Source records
::::

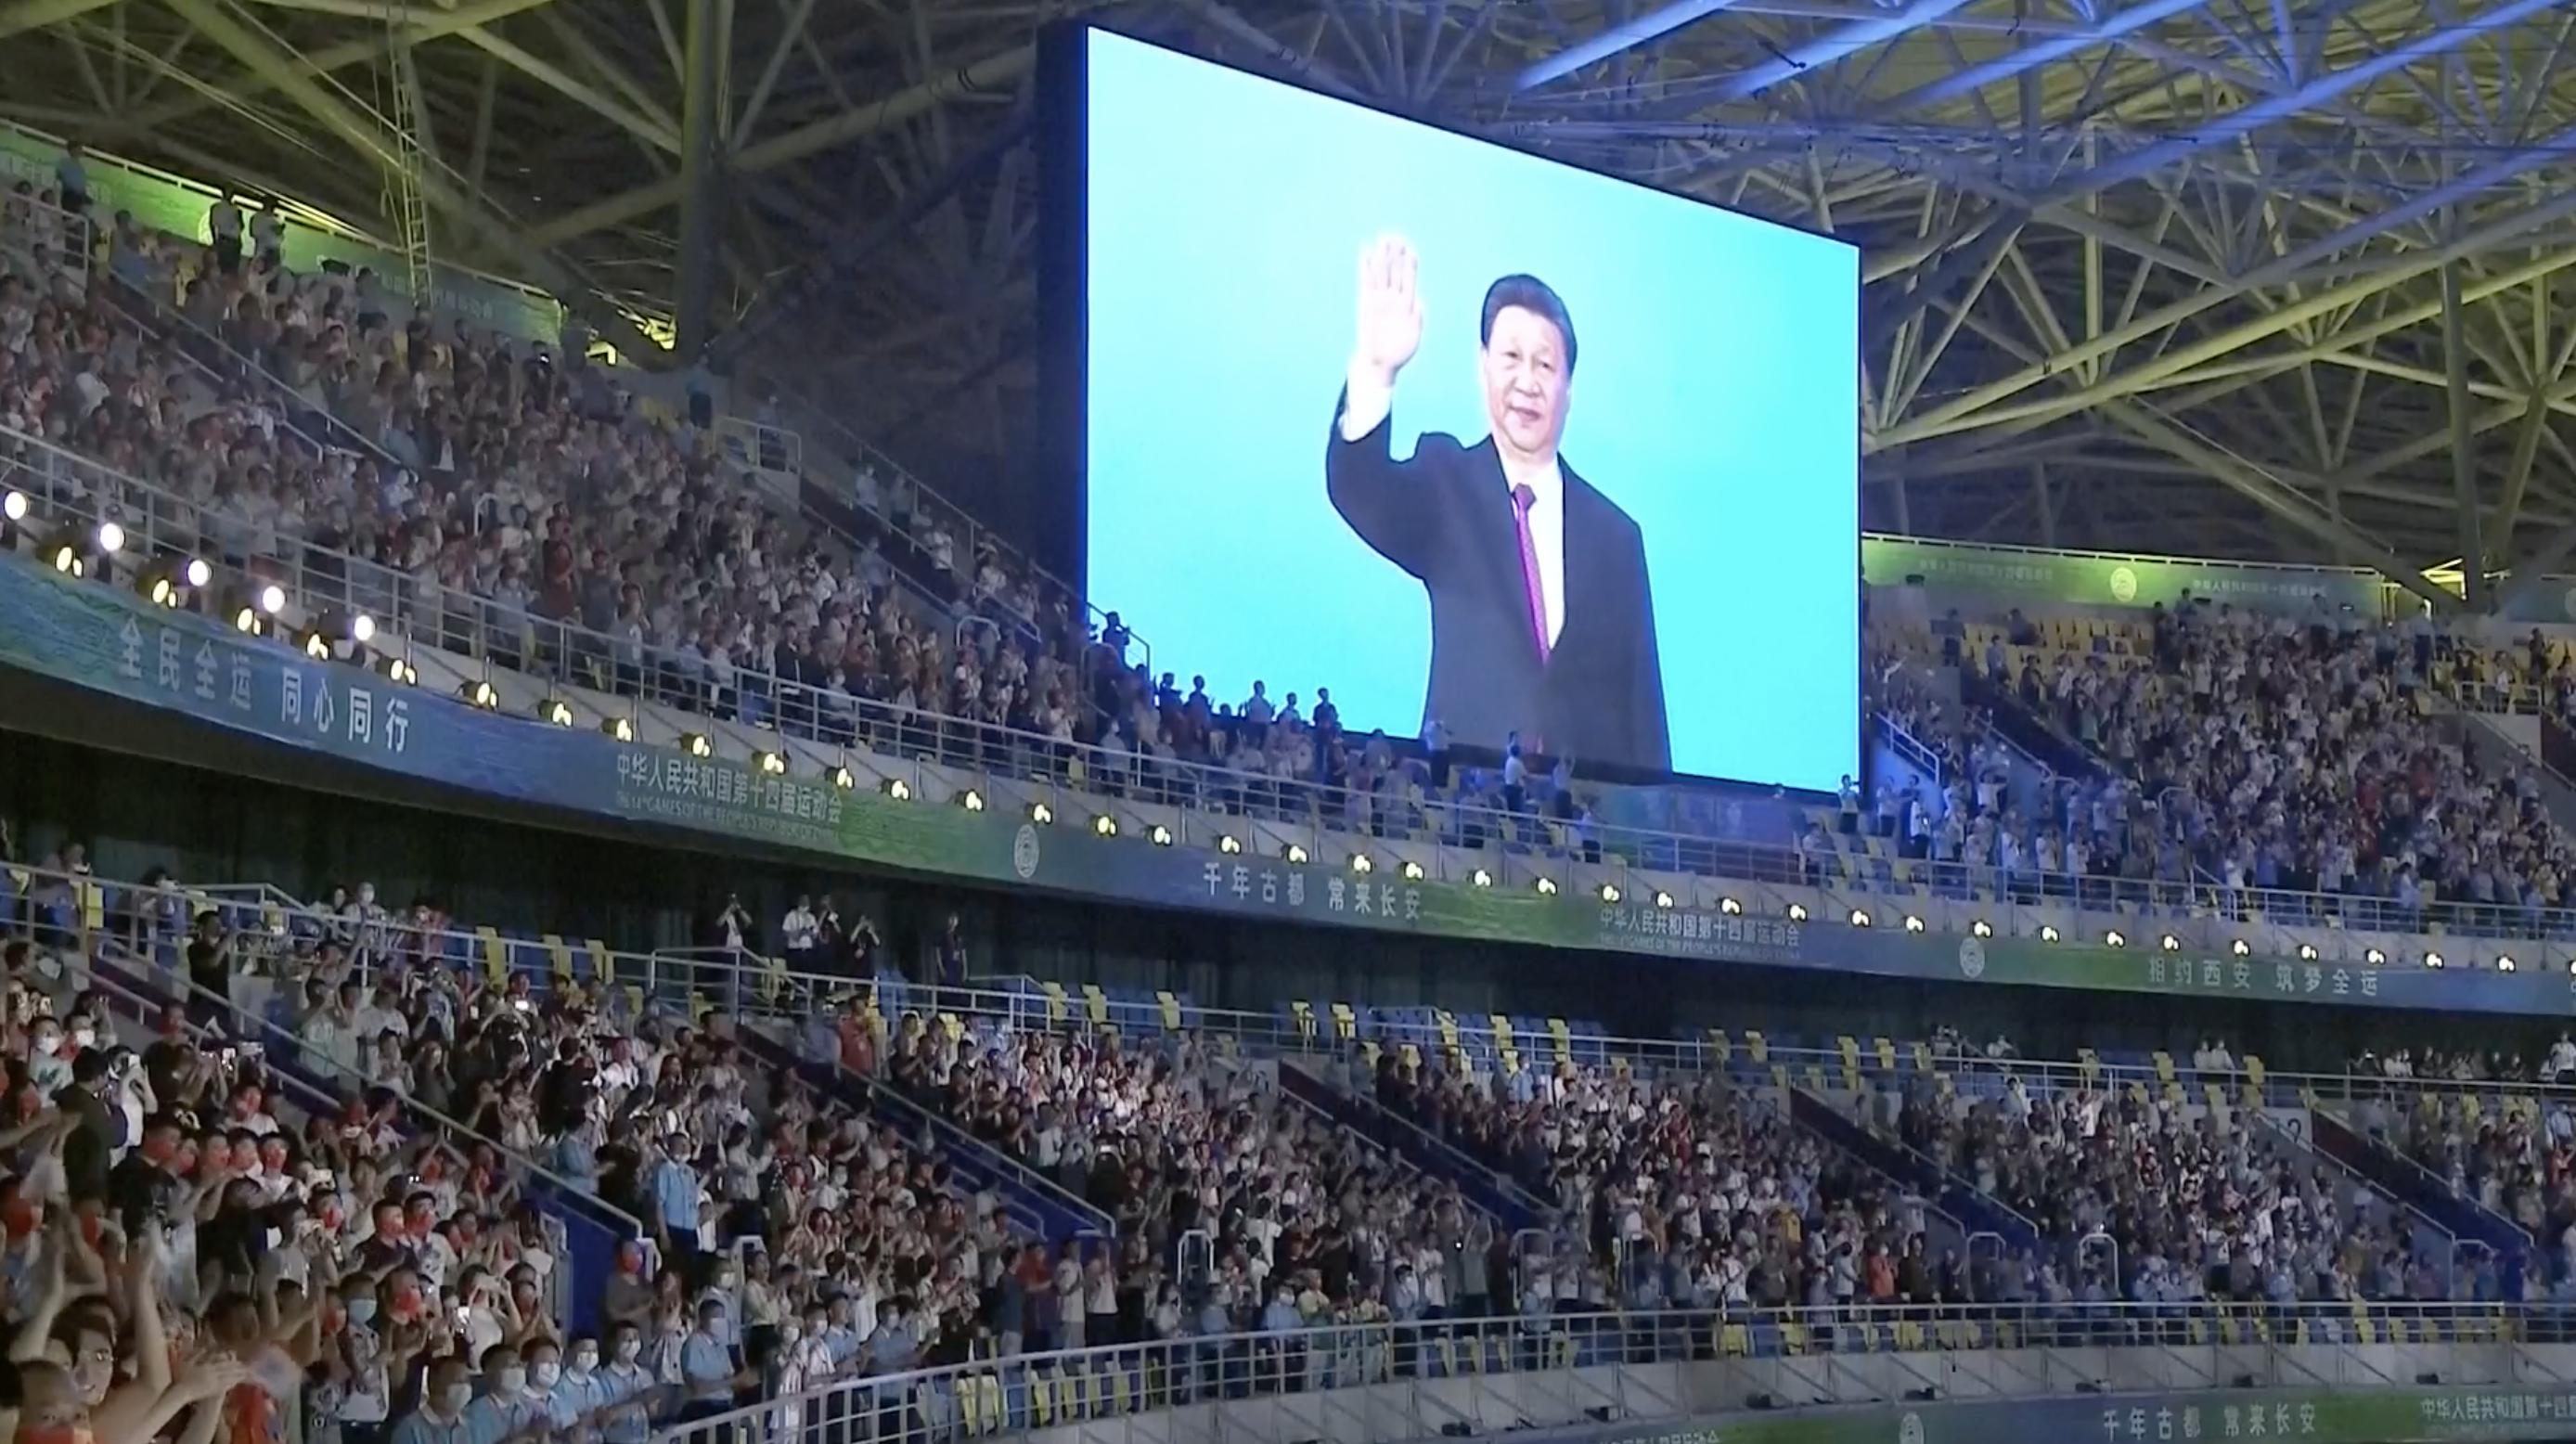 [특파원 리포트] 마스크 벗고 4만 명 빼곡…베이징 올림픽 향한 中 자신감 이면에는?
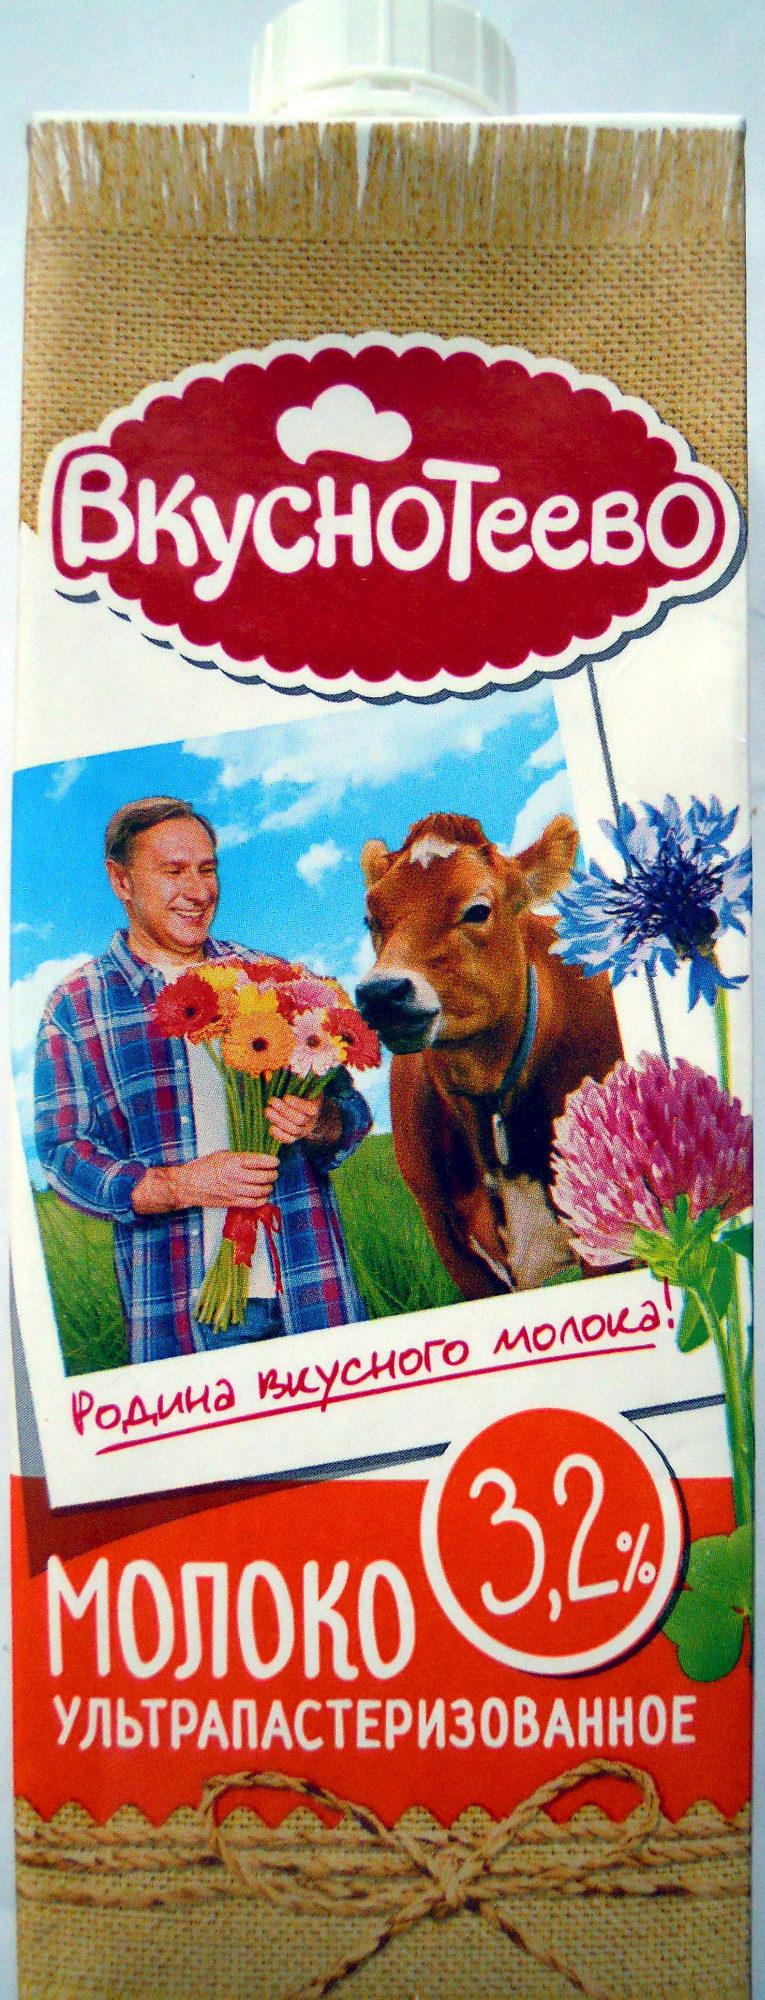 Молоко ультрапастеризованное 3,2 % - Product - ru
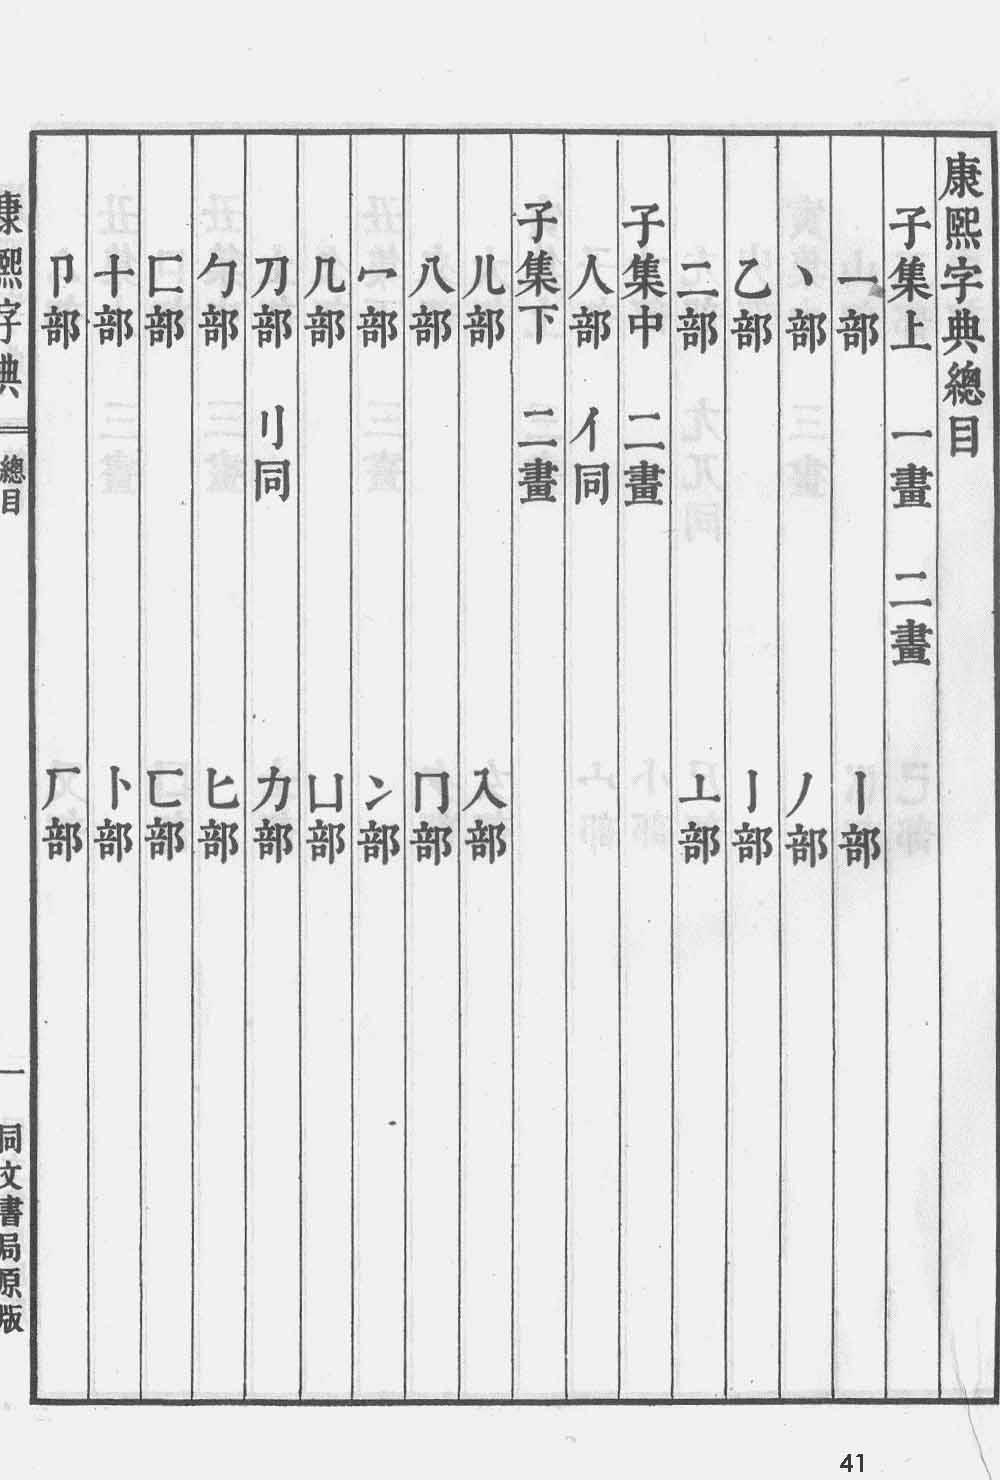 《康熙字典》第41页
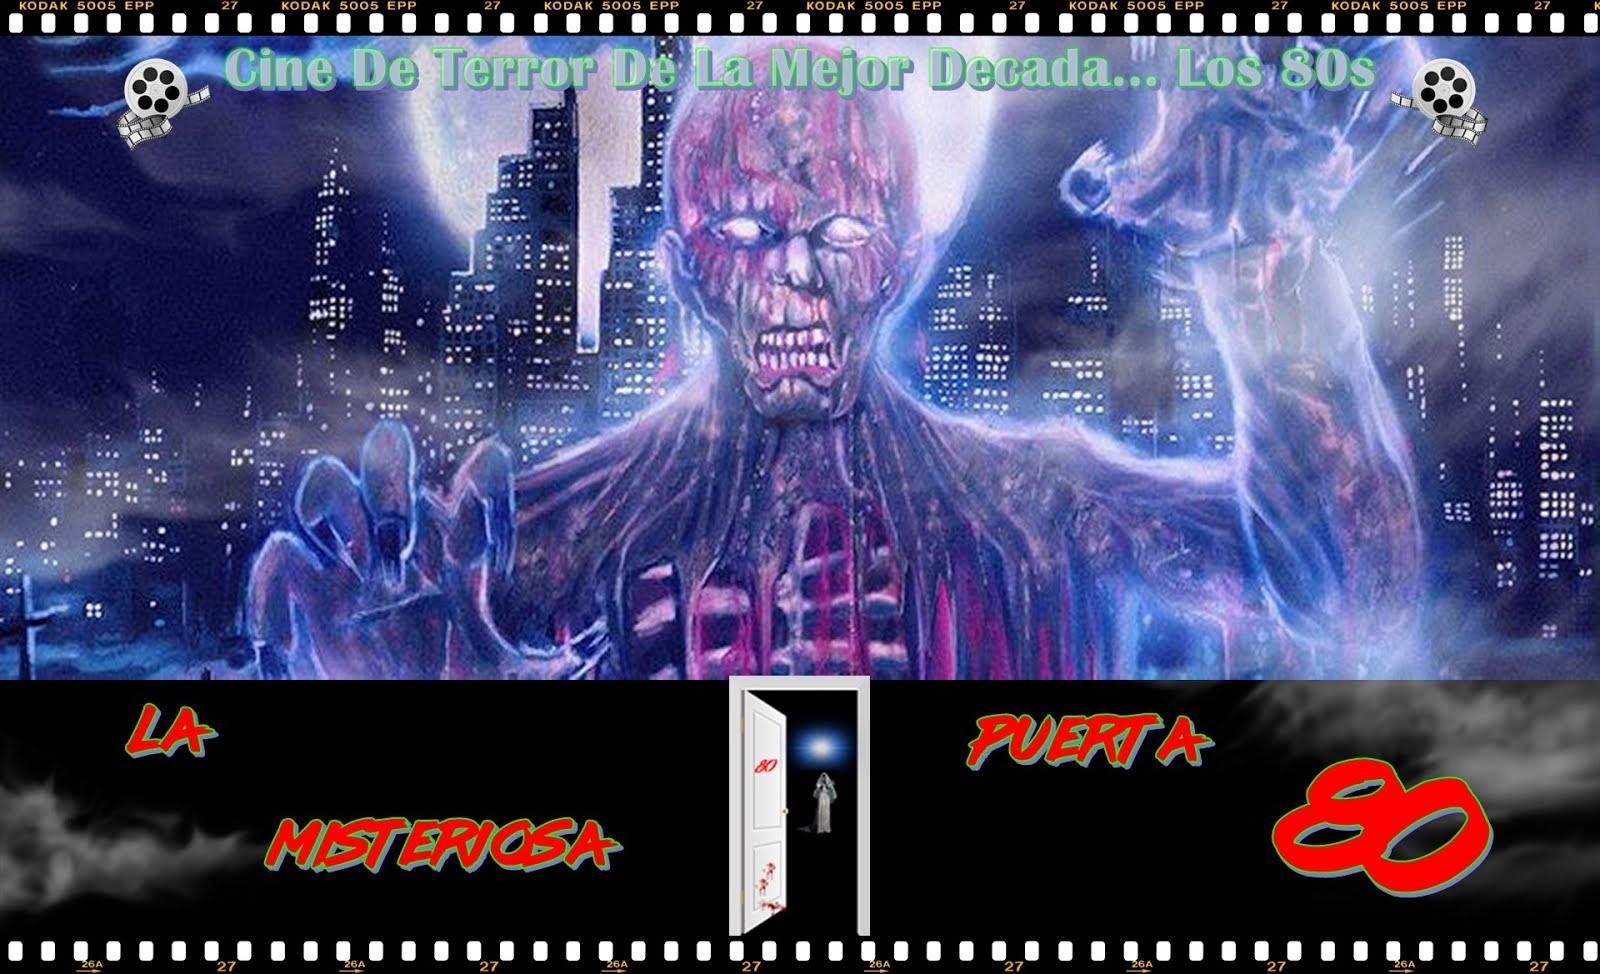 Mi blog de cine de terror de los 80s
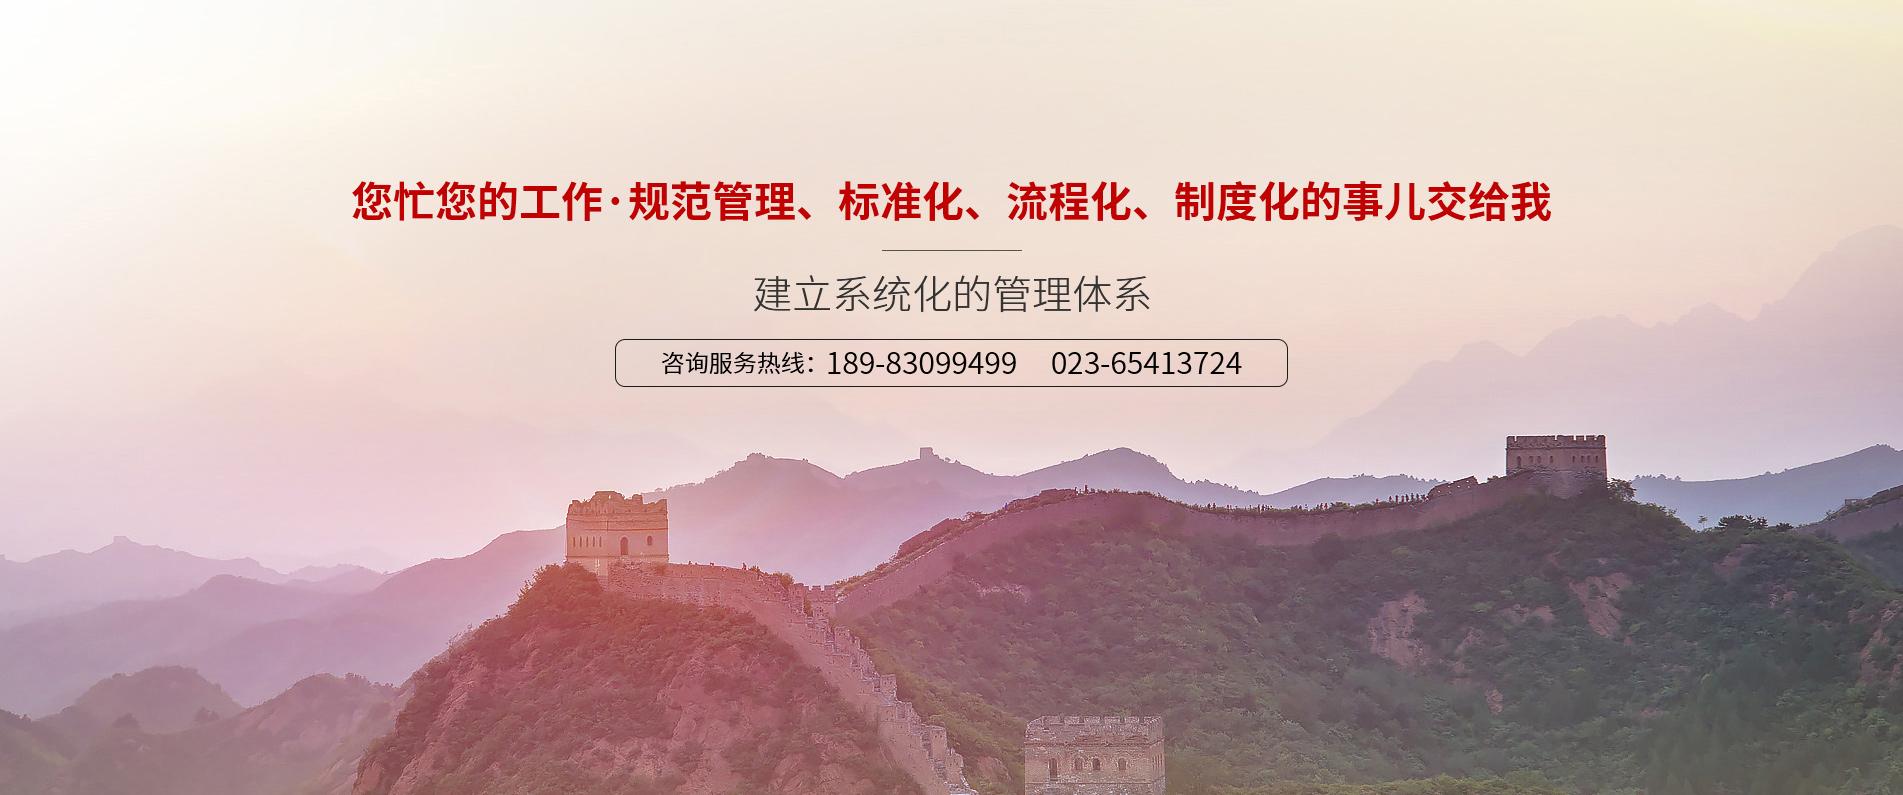 重庆两化融合咨询

::::

== Assignment ==
The task requires that every line above be transcribed exactly, without the images.

== Answer to this task ==
 [특파원 리포트] 마스크 벗고 4만 명 빼곡…베이징 올림픽 향한 中 자신감 이면에는?
 Молоко ультрапастеризованное 3,2 % - Product - ru
 《康熙字典》第41页
 Mi blog de cine de terror de los 80s
 重庆两化融合咨询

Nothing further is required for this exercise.